In each of the following, the coordinates of a point $P$ on the terminal side of an angle $\theta$ are given. For each of the following:

Plot the point $P$ in a coordinate system and draw the terminal side of the angle.

Determine the radius $r$ of the circle centered at the origin that passes through the point $P$.

Determine the values of the six trigonometric functions of the angle $\theta$.

$P(3, 3)$
$P(5, 8)$
$P(-2, -2)$
$P(5, -2)$
$P(-1, -4)$
$P(2\sqrt{3}, 2)$
$P(-3, 4)$
$P(3, -3\sqrt{3})$
$P(2, -1)$

Answer

(a) We see that $r = \sqrt{3^{2} + 3^{2}} = \sqrt{18}$. So

\[\cos(\theta) = \dfrac{3}{\sqrt{18}} = \dfrac{3}{3\sqrt{2}} = \dfrac{1}{\sqrt{2}}\]

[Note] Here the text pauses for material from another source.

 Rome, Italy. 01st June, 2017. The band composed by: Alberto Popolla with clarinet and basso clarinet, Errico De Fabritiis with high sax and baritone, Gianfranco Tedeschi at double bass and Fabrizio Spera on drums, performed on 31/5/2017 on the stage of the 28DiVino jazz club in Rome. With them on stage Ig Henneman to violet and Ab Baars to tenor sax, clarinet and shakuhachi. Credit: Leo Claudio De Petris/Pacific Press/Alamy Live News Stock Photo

\[\tan(\theta) = \dfrac{3}{3} = 1\]

\[\sec(\theta) = \dfrac{\sqrt{18}}{3} = \sqrt{2}\]

\[\sin(\theta) = \dfrac{3}{\sqrt{18}} = \dfrac{3}{3\sqrt{2}} = \dfrac{1}{\sqrt{2}}\]

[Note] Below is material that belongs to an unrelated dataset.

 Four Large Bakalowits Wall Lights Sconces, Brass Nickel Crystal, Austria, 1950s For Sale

\[\cot(\theta) = \dfrac{3}{3} = 1\]

\[\csc(\theta) = \dfrac{\sqrt{18}}{3} = \sqrt{2}\]

(b)

We see that $r = \sqrt{5^{2} + 8^{2}} = \sqrt{89}$. So

\[\cos(\theta) = \dfrac{5}{\sqrt{89}}\]

\[\tan(\theta) = \dfrac{8}{5}\]

\[\sec(\theta) = \dfrac{\sqrt{89}}{5}\]

\[\sin(\theta) = \dfrac{8}{\sqrt{89}}\]

\[\cot(\theta) = \dfrac{5}{8} = 1\]

\[\csc(\theta) = \dfrac{\sqrt{89}}{8}\]

(e)

We see that $r = \sqrt{(-1)^{2} + (-4)^{2}} = \sqrt{26}$. So

\[\cos(\theta) = \dfrac{-3}{\sqrt{26}}\]

\[\tan(\theta) = 4\]

\[\sec(\theta) = -\dfrac{\sqrt{26}}{4}\]

\[\sin(\theta) = \dfrac{-3}{\sqrt{26}}\]

\[\cot(\theta) = \dfrac{1}{4} = 1\]

\[\csc(\theta) = -\sqrt{26}\]

Exercise $\PageIndex{2}$

For each of the following, draw the terminal side of the indicated angle on a coordinate system and determine the values of the six trigonometric functions of that angle

The terminal side of the angle $\alpha$ is in the first quadrant and $\sin(\alpha) = \dfrac{1}{\sqrt{3}}$
The terminal side of the angle $\beta$ is in the second quadrant and $\cos(\beta) = -\dfrac{2}{3}$
The terminal side of the angle $\gamma$ is in the second quadrant and $\tan(\gamma) = -\dfrac{1}{2}$
The terminal side of the angle $\theta$ is in the second quadrant and $\sin(\theta) = \dfrac{1}{3}$

Answer

2. We first use the Pythagorean Identity and obtain $\sin^{2}(\beta) = \dfrac{5}{9}$. Since the terminal side of $\beta$ is in the second quadrant, $\sin(\beta) = \dfrac{\sqrt{5}}{3}$. In addition,

\[\tan(\beta) = -\dfrac{\sqrt{5}}{2}\]

\[\cot(\beta) = -\dfrac{2}{\sqrt{5}}\]

\[\sec(\beta) = -\dfrac{3}{2}\]

\[\csc(\beta) = \dfrac{3}{\sqrt{5}}\]

Exercise $\PageIndex{3}$

For each of the following, determine an approximation for the angle $\theta$ in degrees (to three decimal places) when $0^\circ \leq \theta \leq 360^\circ$.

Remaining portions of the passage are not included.